Письмо
– Как мило! Я, между прочим, вчера ужин тебе приготовил!
– Яичницу с картошкой пожарил? – усмехнулась Тина. – Если, по-твоему, в этом и заключается роль мужа, ты глубоко заблуждаешься.
Рик тяжело дышал, сжав кулаки, но Тина не унималась. Ей никогда прежде не удавалось набраться духу и дать ему отпор, и она чувствовала небывалый прилив сил.
– Тебе нужна помощь, Рик, и я не могу тебе ее дать.
Он резко вскочил на ноги и, перегнувшись через стол, схватил ее за волосы.
– У тебя кто-то есть, да? Кто он? Я убью его, а потом убью тебя.
Тина смело смотрела ему в глаза.
– Никого нет, Рик. Как ты не можешь понять: я ухожу из-за тебя! Никто в этом не виноват, кроме тебя.
Он разжал руку.
– Тина, ну зачем ты меня выводишь, – сказал он упавшим голосом. – Пожалуйста, не уходи. Ты мне нужна.
Тина сняла с вешалки пальто и подняла чемоданчик.
– Уже собралась? Вот стерва! И как долго ты это планировала?
– Ох, даже не знаю. Может, с того дня, как мне зашивали бровь – после того, как ты врезал мне по лицу.
– Я не виноват, просто кольцо попало…
– Или с того дня, как ты разбил мне кулаком губу, или затушил сигарету о мою руку, с того дня, как ты впервые изнасиловал меня или украл мои деньги, чтобы сделать ставку. С треклятого дня нашей свадьбы!

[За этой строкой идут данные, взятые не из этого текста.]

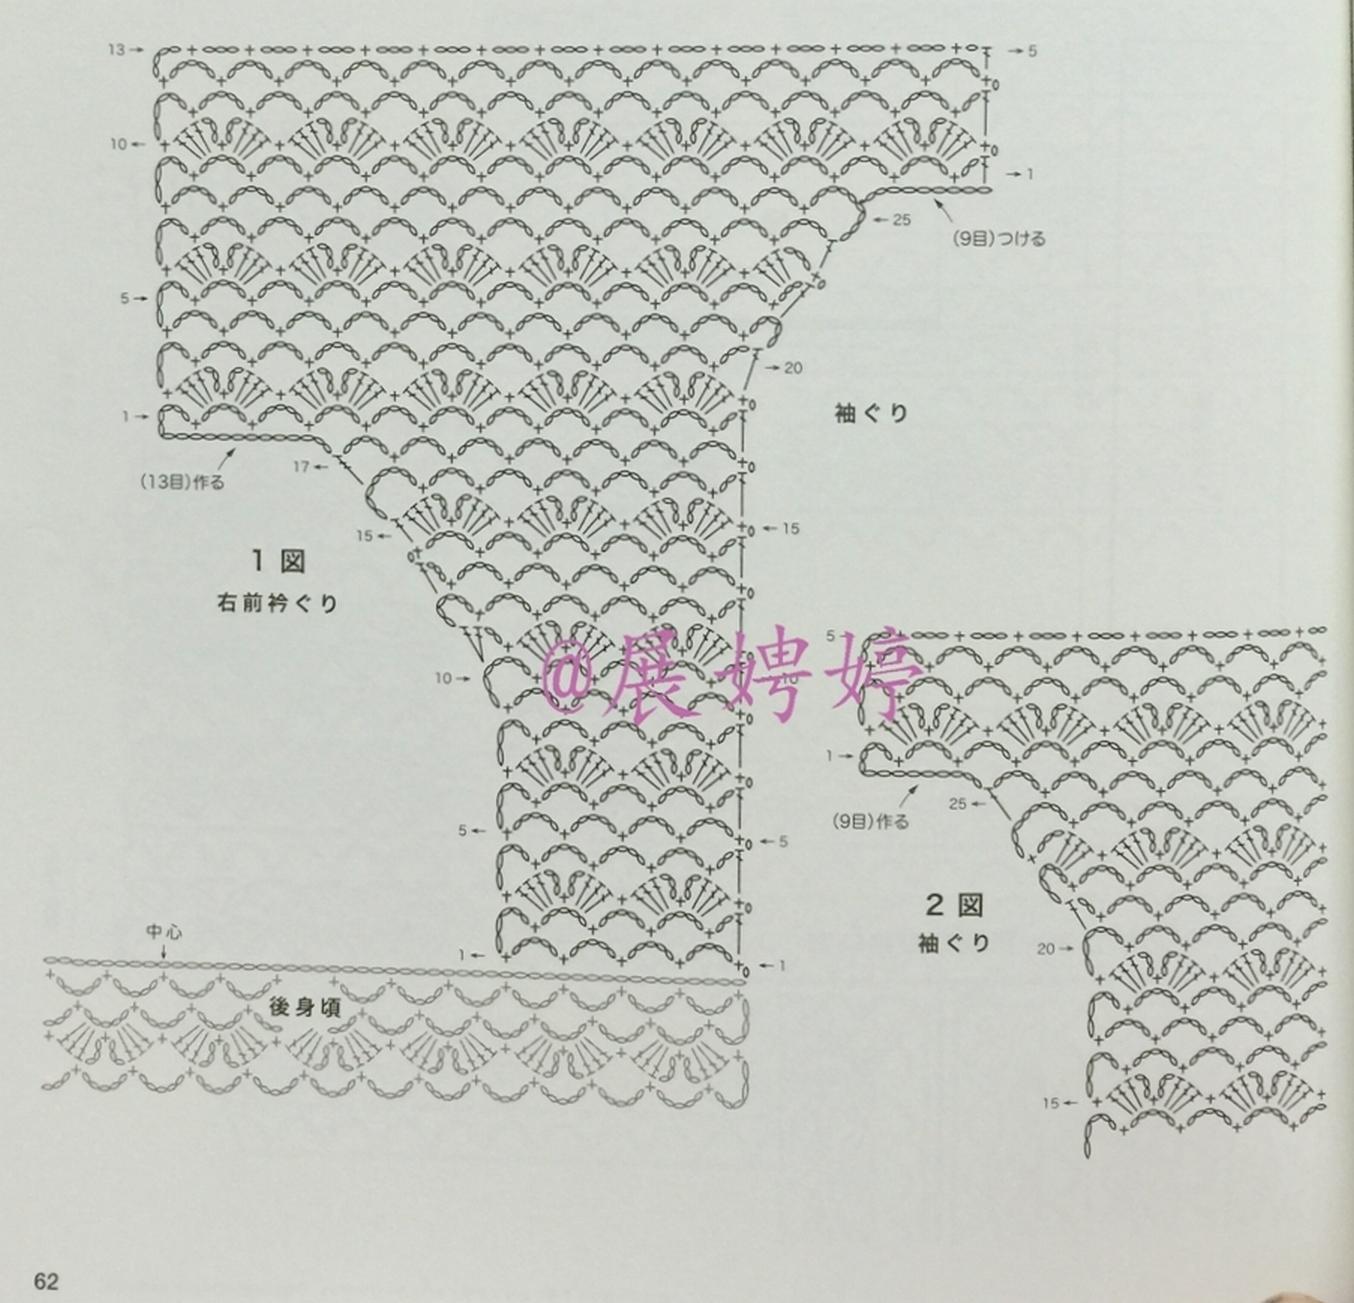 0482_LKS NV80420 (18)
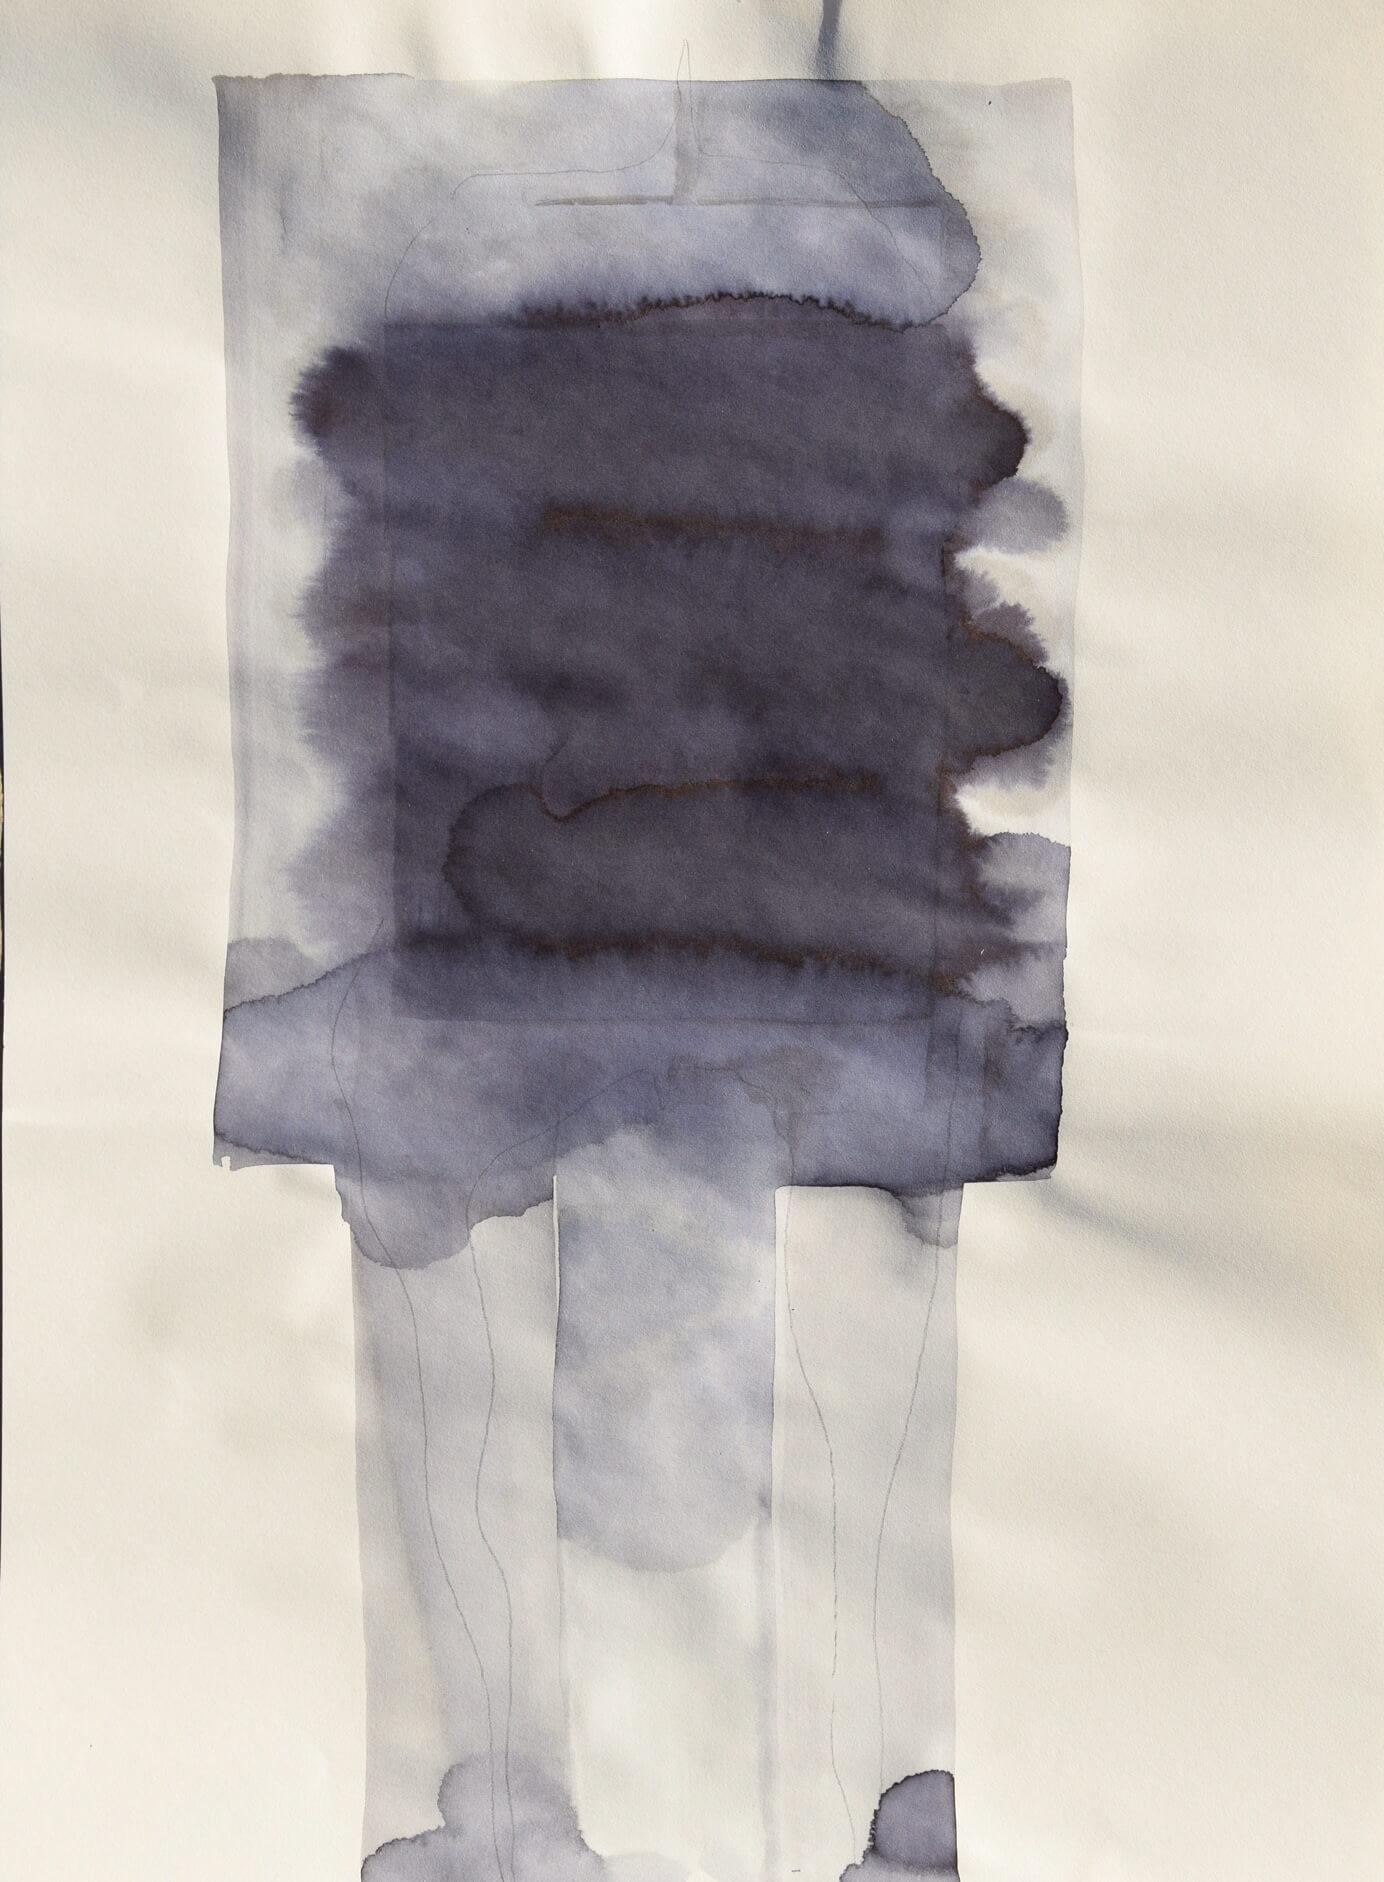 Federico Branchetti - Quadri dipinti - Corpo, acqua e nebbia 2019 - 13

Мне продолжать?
Произнеся все это вслух впервые в жизни, Тина почувствовала, как к ней возвращаются давно погребенные внутренние силы, а вместе с ними – уверенность в том, что она просто обязана покинуть этот дом, иначе ей не сохранить ни рассудок, ни жизнь.
Уверенным шагом Тина направилась в прихожую, решительно распахнула дверь и с высоко поднятой головой переступила порог, ни разу не обернувшись.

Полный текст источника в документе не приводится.